Closed antoinealb closed 10 years ago
Doesn't LGTM. 1) You've given up on testing for proper allocation. Not good. 2) I can provide you with a buggy (previous) version of my code that will pass your test. There's a reason for measuring the critical section depth in both use cases. It's one of the possibly weak points of the macro implementation
1) You've given up on testing for proper allocation.
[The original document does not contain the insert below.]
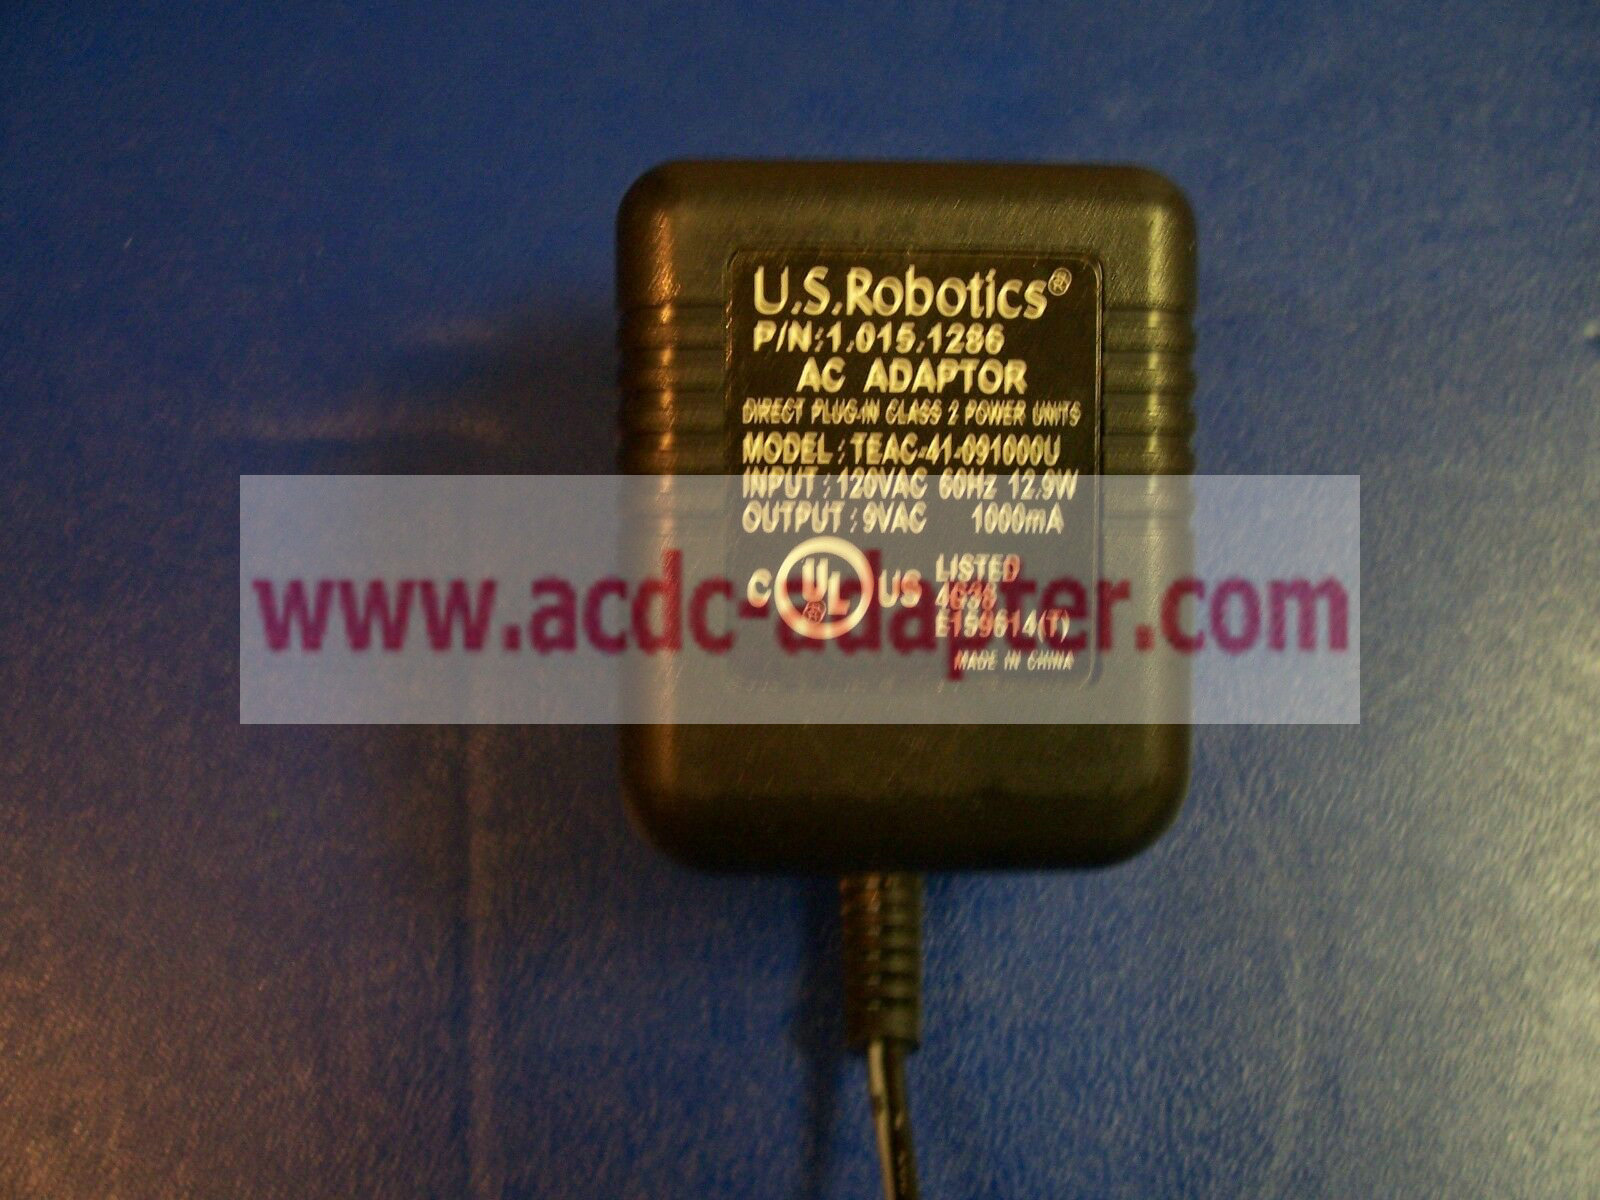 Genuine 9VAC 1000mA 1A 1.015.1286 US Robotics TEAC-41-091000U AC Power Adapter

Not good.
What do you mean ? I still test that CRITICAL_SECTION_ALLOC
is called before CRITICAL_SECTION_ENTER
.
There's a reason for measuring the critical section depth in both use cases.
Could you explain ? It is what I do in this test, at least I think :
TEST(CriticalSectionMockTestGroup, NestedWorksToo)
{
CRITICAL_SECTION_ALLOC();
mock().expectOneCall("CPU_CRITICAL_ENTER");
mock().expectOneCall("CPU_CRITICAL_ENTER");
mock().expectOneCall("CPU_CRITICAL_EXIT");
mock().expectOneCall("CPU_CRITICAL_EXIT");
CRITICAL_SECTION() {
CRITICAL_SECTION() {
}
}
mock().checkExpectations();
}
By the way I am just trying to understand. I will add the older tests back with those ones tonight.
Sorry, clarirfication.
1) is independent of THESE tests. If in some other library, you're using CRITICAL_SECTION
without having done CRITICAL_SECTION_ALLOC()
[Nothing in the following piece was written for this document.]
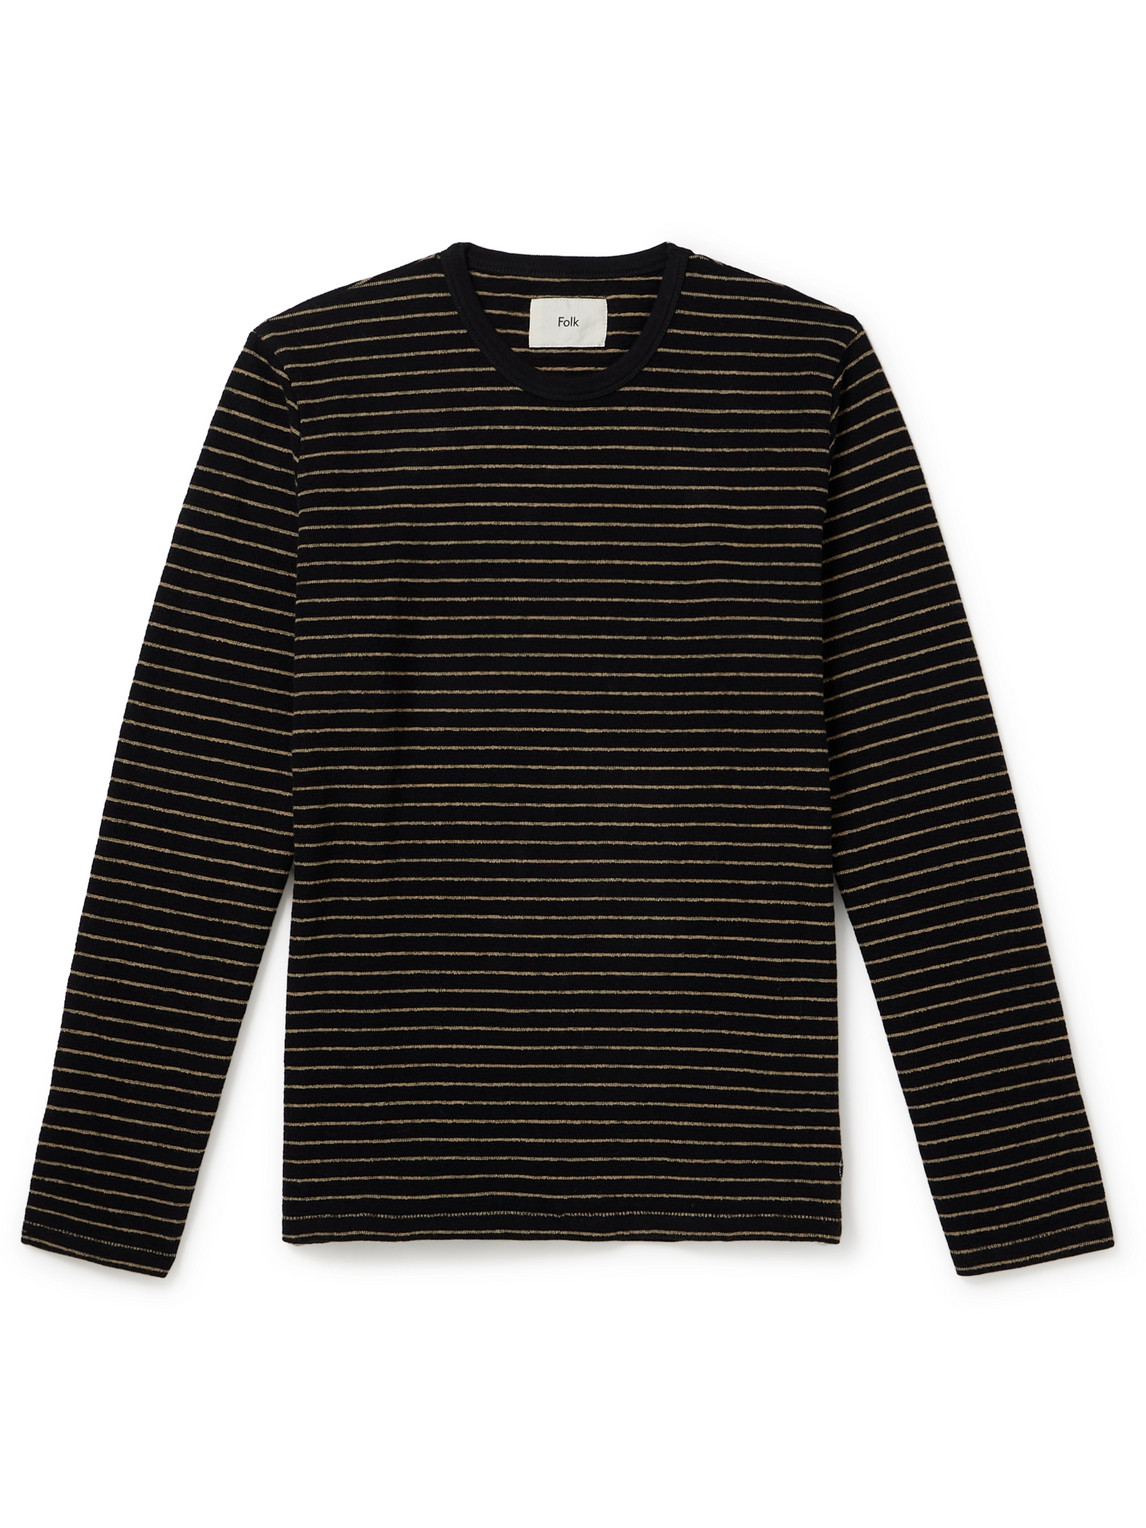 Folk Striped Cotton T-shirt In Black

, the previous implementation would fail because __mock_critical_depth
is not declared. I believe this to be useful because it's a compile-time check.
This can be added back quite easily by combining your modification with the previous code.
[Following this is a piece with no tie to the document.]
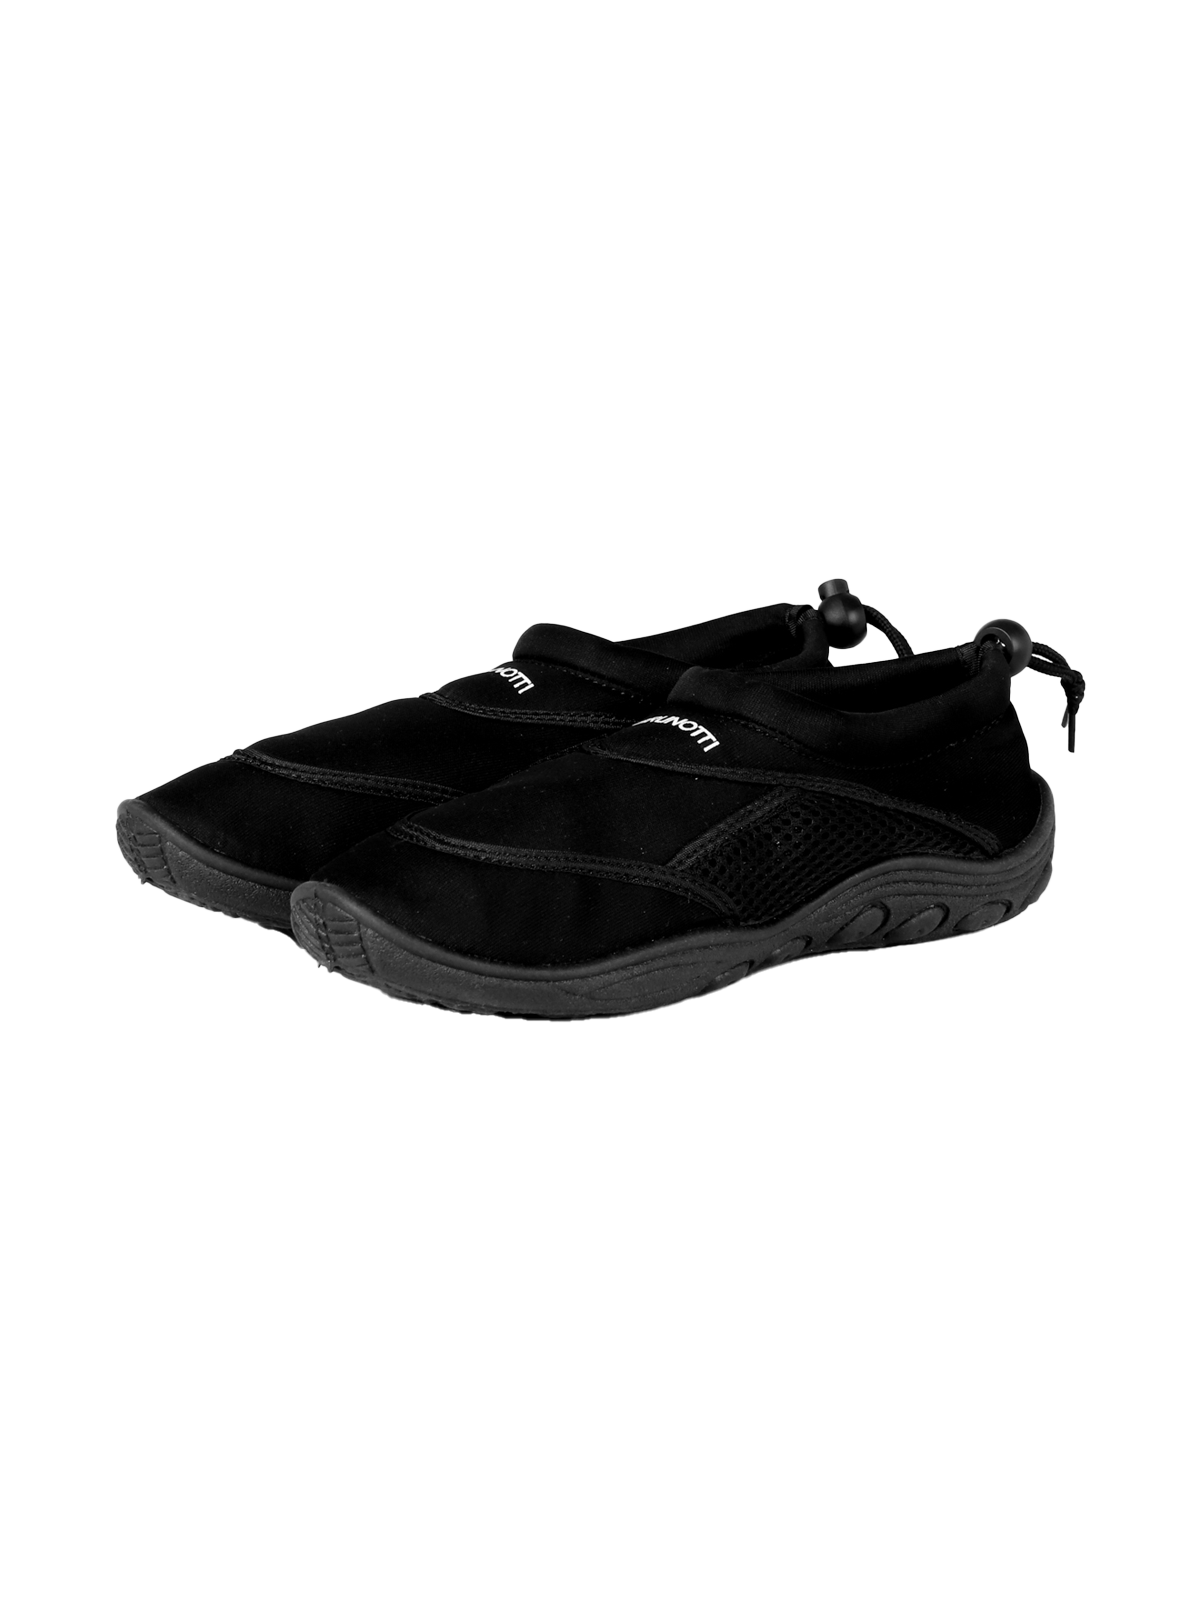 Paddles-JR Unisex Kids Water Shoe | Black

2) I should check my old version again and the CppUTest documentation, I might have been partially wrong with this one, sorry. The thing is that when nesting critical sections, the macro for-loop was doing weird things since the variables were shared and, if I remember correctly, the innermost exit was exiting all the critical sections.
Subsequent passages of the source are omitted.